HIH’s dysfunctional governance structure led to several factors that are common in organizations that are perpetrating massive fraud. First, an insufficient independence of mind to see what had to be done and what had to be stopped or avoided. Also, risk were not properly identified and managed. Unpleasant information was hidden, filtered or sanitized. Finally there was lack of sceptical questioning and analysis when and where it mattered.
This case brought the effectiveness of regulatory organizations into serious questioning. Virtually no one who had any involvement with HIH escaped unscathed. HIH experience an near total breakdown of governance and supervisory structures. None of the checks and balance within the systems functioned. The people involved failed to meet their responsibility.
(Source: Albrecht, W S, Albrecht CC, Albrecht, CO & Zimbelman, MF 2009, Fraud Examination, South Western Cengage Learning, Mason, USA)
Requirement
You are required to prepare your suggestion and recommendation report on the ground of HIH case to ensure that such a collapse cannot happen again if the organization systematically maintain and implement internal control procedure. You have to also explore using the given reference or your own effort that what were other some possible gaps in the internal control procedure in case of HIH.
Procedure
Word limits 2000 words without reference.
In the process of preparation of this assignment, you can use the following links for knowledge and reference.
Reference should be in Harvard style.
http://webcache.googleusercontent.com/search?q=cache:-ucvKmrJ5C8J:https://ojs.deakin.edu.au/index.php/dlr/article/download/239/245+&cd=10&hl=en&ct=clnk&gl=au
http://www.aic.gov.au/media_library/conferences/2005-cp/young.pdf
http://www.longdog.com.au/be-daring-not-risky/corporate-governance-and/collapse-corporate-governan.pdf
https://law.unimelb.edu.au/files/dmfile/Report_on_Governance_at_5_Failed_Companies_0310281.pdf
https://en.wikipedia.org/wiki/HIH_Insurance
http://www.aph.gov.au/About_Parliament/Parliamentary_Departments/Parliamentary_Library/Publications_Archive/archive/hihinsurance
http://www.seiofbluemountain.com/upload/product/201010/2010jjfzh05a8.pdf
In your report, take into consideration factors such as:
1. Corporate governance requirement including: common law, delegated authorities, legislation such as corporate law, tax law, reporting periods and taxation payment timing.
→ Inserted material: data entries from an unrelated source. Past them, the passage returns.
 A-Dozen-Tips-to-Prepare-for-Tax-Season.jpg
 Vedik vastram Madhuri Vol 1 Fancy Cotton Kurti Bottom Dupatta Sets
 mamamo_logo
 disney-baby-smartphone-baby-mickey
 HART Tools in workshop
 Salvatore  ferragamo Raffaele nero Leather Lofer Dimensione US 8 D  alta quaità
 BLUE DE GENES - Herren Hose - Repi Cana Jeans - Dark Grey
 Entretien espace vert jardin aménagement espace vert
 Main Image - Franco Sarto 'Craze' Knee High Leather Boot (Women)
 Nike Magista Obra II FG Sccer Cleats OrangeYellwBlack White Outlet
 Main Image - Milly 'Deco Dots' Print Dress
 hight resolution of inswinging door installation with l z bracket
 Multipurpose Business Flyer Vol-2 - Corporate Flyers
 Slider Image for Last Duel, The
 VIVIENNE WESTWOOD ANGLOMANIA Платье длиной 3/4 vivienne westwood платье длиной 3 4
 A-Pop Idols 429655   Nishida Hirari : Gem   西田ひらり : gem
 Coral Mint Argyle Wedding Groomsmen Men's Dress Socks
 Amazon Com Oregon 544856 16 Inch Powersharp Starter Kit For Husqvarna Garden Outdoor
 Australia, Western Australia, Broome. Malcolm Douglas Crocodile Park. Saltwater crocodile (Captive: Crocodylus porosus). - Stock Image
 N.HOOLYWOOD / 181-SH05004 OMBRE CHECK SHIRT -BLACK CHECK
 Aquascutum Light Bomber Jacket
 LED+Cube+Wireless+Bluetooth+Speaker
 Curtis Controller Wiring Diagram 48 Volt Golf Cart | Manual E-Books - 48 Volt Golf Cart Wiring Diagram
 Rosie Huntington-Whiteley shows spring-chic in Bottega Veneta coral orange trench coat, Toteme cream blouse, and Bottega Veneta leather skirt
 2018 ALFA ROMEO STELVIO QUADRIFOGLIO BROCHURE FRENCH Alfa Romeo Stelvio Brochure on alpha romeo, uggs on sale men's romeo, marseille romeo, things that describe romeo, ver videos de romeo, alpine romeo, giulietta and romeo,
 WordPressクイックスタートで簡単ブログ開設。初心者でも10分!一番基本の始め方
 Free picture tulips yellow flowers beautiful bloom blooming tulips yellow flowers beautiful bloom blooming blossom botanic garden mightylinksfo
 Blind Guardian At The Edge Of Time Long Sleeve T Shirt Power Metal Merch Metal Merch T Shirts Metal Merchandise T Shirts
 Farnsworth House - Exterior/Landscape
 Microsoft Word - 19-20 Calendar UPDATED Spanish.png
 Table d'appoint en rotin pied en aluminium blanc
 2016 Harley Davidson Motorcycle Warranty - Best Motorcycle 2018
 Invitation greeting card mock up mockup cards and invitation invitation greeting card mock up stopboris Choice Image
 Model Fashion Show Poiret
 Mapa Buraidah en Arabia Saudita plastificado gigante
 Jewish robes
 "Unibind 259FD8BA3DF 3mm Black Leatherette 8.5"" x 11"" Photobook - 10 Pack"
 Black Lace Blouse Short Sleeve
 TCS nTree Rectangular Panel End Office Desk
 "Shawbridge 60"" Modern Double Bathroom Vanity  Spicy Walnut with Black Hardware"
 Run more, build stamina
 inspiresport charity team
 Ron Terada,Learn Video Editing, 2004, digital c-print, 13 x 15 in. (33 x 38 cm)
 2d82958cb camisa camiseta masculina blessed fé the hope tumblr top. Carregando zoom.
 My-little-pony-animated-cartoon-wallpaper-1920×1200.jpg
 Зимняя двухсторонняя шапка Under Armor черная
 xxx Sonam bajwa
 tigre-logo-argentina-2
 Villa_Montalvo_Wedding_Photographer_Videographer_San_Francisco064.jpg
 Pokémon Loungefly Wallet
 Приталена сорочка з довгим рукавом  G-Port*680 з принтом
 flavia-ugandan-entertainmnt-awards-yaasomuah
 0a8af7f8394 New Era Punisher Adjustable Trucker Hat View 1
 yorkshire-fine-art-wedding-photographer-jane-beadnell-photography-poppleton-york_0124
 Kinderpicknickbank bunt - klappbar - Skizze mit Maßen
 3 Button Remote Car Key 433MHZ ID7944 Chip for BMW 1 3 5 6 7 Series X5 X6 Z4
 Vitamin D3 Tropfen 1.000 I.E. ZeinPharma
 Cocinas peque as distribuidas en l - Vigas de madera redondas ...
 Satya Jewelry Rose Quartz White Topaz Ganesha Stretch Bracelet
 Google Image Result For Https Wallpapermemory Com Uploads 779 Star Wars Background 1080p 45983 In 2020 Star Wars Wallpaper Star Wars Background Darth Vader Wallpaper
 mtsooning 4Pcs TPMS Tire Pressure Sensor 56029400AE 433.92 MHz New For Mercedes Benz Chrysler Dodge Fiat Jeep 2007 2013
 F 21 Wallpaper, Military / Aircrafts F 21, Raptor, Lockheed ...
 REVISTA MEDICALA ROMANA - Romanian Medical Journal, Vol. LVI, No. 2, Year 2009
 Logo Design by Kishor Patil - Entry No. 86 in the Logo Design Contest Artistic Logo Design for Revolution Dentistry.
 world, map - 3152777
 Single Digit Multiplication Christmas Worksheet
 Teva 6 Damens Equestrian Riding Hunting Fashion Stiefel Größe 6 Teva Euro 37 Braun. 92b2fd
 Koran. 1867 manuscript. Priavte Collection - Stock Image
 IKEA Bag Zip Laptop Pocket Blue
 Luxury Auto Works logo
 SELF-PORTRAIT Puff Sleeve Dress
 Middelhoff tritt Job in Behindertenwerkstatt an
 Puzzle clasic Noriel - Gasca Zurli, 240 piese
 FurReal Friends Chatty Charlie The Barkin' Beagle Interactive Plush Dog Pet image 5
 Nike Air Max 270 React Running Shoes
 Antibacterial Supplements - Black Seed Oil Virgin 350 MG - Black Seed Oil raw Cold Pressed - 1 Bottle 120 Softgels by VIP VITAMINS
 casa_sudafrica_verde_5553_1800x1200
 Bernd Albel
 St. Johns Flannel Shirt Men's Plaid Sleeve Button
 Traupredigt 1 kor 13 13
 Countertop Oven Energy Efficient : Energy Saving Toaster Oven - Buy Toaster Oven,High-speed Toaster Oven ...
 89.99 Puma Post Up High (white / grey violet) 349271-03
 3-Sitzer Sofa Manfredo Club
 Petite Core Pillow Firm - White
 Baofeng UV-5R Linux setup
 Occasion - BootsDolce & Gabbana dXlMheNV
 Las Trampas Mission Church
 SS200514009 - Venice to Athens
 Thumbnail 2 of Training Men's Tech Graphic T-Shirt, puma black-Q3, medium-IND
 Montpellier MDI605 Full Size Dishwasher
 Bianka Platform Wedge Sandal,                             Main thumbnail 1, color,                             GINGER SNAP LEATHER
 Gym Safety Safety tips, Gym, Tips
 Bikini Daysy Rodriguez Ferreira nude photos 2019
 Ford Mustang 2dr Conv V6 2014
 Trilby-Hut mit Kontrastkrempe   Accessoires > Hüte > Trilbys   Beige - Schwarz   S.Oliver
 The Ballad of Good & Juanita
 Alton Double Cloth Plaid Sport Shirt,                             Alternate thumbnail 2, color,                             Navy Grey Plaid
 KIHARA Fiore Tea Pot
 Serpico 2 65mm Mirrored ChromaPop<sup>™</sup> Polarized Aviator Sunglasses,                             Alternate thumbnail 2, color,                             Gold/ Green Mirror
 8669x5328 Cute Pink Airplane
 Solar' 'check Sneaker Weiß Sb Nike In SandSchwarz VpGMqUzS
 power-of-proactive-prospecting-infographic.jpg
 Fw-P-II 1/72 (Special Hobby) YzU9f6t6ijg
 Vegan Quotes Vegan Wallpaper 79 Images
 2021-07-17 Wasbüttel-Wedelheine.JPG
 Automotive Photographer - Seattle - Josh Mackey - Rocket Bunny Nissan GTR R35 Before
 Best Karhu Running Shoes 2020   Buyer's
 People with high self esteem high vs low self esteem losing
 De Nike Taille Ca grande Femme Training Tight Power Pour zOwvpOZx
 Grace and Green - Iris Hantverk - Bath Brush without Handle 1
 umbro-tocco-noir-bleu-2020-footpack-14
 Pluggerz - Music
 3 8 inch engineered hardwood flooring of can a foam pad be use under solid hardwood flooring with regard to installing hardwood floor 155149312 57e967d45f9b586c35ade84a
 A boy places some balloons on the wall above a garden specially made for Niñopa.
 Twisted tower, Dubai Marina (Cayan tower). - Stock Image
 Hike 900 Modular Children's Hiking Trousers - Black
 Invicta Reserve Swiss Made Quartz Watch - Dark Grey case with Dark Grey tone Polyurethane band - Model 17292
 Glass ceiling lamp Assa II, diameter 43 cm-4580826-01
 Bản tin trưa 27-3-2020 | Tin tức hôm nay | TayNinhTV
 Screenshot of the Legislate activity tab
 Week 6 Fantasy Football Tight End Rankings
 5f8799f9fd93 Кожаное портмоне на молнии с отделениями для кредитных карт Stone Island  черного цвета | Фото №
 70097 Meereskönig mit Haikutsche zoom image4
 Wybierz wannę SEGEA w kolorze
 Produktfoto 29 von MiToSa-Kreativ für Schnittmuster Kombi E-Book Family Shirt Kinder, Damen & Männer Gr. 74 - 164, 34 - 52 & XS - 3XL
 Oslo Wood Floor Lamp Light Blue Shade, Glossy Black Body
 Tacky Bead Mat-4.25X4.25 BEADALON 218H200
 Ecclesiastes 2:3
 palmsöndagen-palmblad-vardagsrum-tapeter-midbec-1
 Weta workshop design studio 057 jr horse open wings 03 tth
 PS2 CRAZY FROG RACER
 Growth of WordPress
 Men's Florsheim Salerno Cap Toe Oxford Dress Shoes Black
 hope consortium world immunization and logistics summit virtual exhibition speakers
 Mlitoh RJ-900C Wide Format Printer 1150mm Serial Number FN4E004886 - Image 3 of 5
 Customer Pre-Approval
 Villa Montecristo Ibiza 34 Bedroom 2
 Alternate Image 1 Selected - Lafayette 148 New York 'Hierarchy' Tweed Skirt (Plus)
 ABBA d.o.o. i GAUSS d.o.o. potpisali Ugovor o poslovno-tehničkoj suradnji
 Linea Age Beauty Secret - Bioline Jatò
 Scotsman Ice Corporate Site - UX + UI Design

2. Authoritative and recognized sources which may have impacted on HIH such as:
Assets register, AASB, AUSAB, ASIC, ATO, APRA, financial information system, Law and regulation, personal information systems, professional association, pronouncement.
3. Internal control procedure such as:
Accuracy in valuation, adequate disclosure in financial reporting, decision making authorities, electronic commerce security, identification, measurement and recording of income, assets, expenditure, liabilities, equity, risk management strategies, safeguard and insurance of assets.
4. Financial delegation and accountabilities such as corporate governance requirement, employment delegations, expenditure and investment approvals, loan and lending approval, sign-off authorities.
5. In your recommendation and suggestion you should detail and document internal control procedure that you would following including:
Corporate governance requirements, performance indicators to evaluate compliance with internal control procedure.